Although well-designed visualizations have the power to help people enormously, naive attempts to create visualizations typically lead to “reinventing the wheel” at best, and all too often result in poorly designed visualizations that are ineffective or even actively misleading. Designing effective visualizations is a complex process that requires a sophisticated understanding of human information processing capabilities, both visual and cognitive, and a solid grounding in the considerable body of work that has already been introduced in the visualization field. Further research in visualization, and the technology transfer of effective visualization methodologies into the working practice of medicine, science, engineering, and business, will be critical in handling the ongoing information explosion. The insights provided by visualization will help specialists discover or create new theories, techniques, and methods, and improve the daily lives of the general public.
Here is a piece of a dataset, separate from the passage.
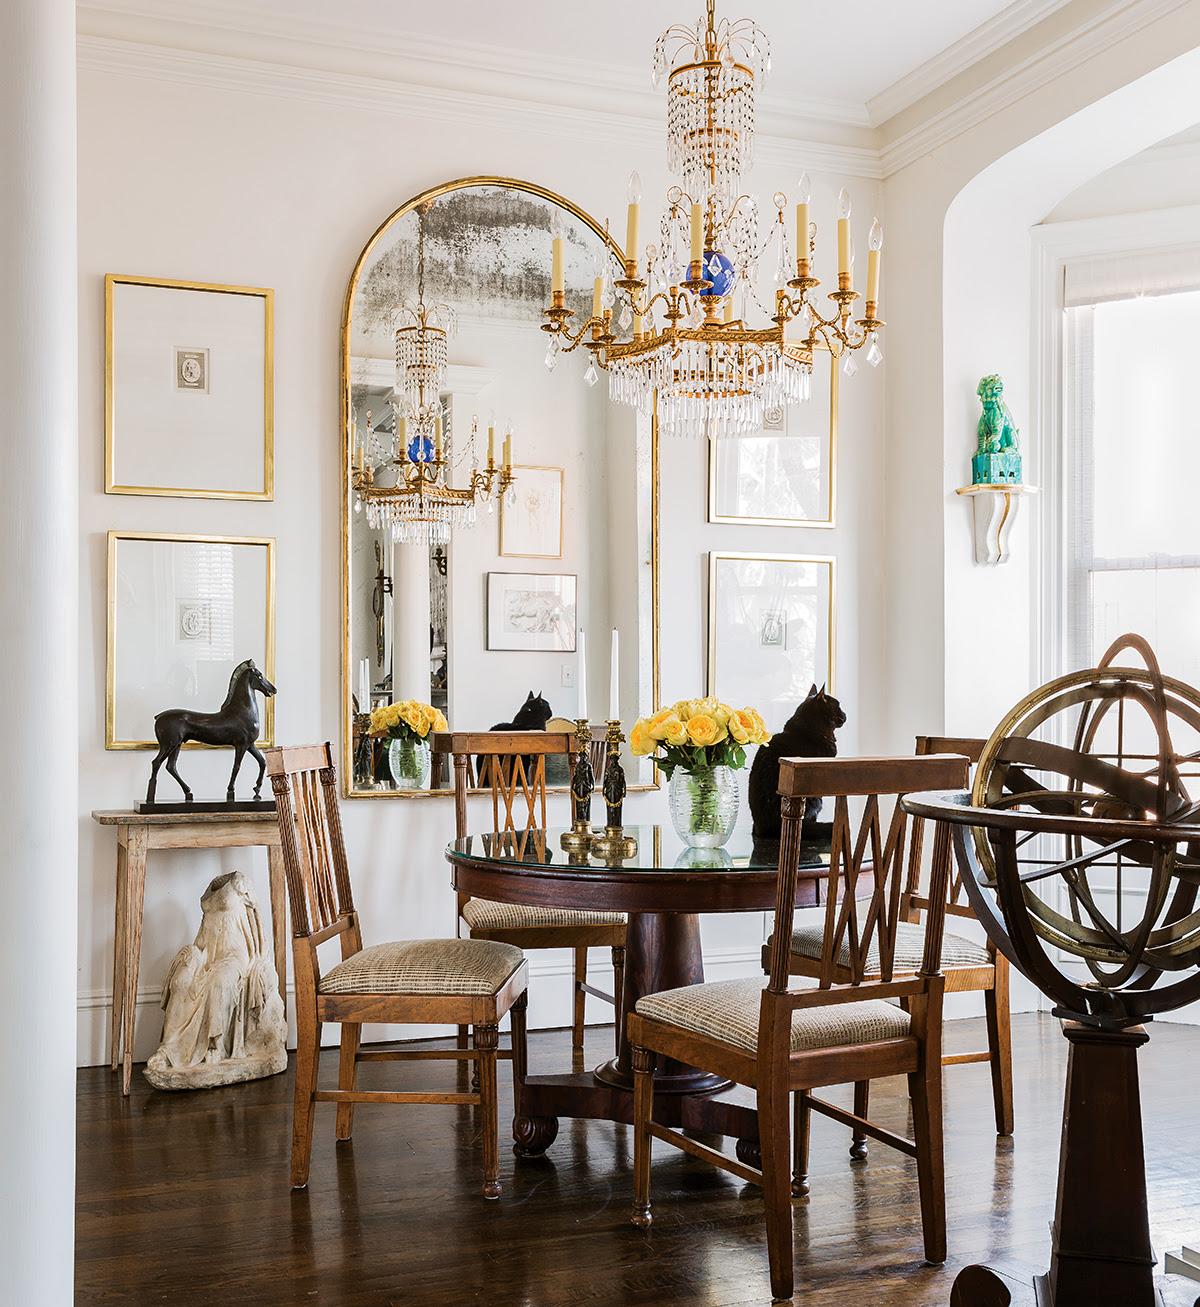 Top 10 Boston Interior Designers and Decorators   Décor Aid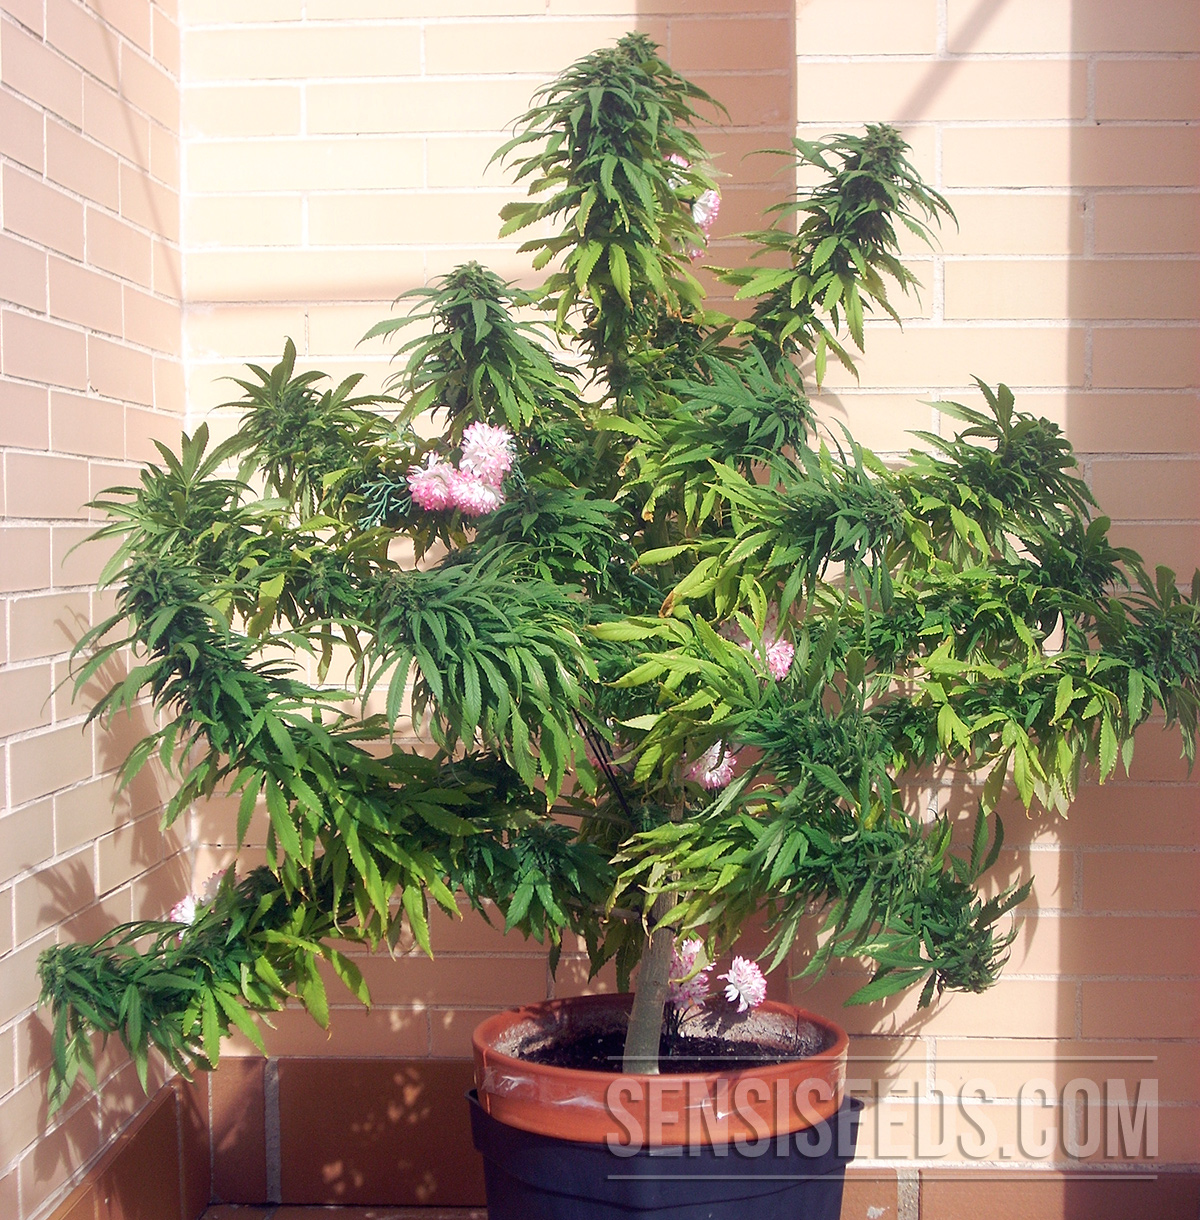 focus sur une vari t de cannabis afghani 1 de sensi seeds. Black Bedroom Furniture Sets. Home Design Ideas

While visualization is itself a discipline, advances in visualization lead inevitably to advances in other disciplines. Just as knowledge of mathematics and statistics has become indispensable in subjects as diverse as the traditional sciences, economics, security, medicine, sociology, and public policy, so too is visualization becoming indispensable in enabling researchers in other fields to achieve their goals. Like statistics, visualization is concerned with the analysis and interpretation of information, both quantitative and qualitative, and with the presentation of data in a way which conveys their salient features most clearly. Both fields develop, understand, and abstract data analytic ideas and package them in the form of techniques, algorithms, and software for a multitude of application areas.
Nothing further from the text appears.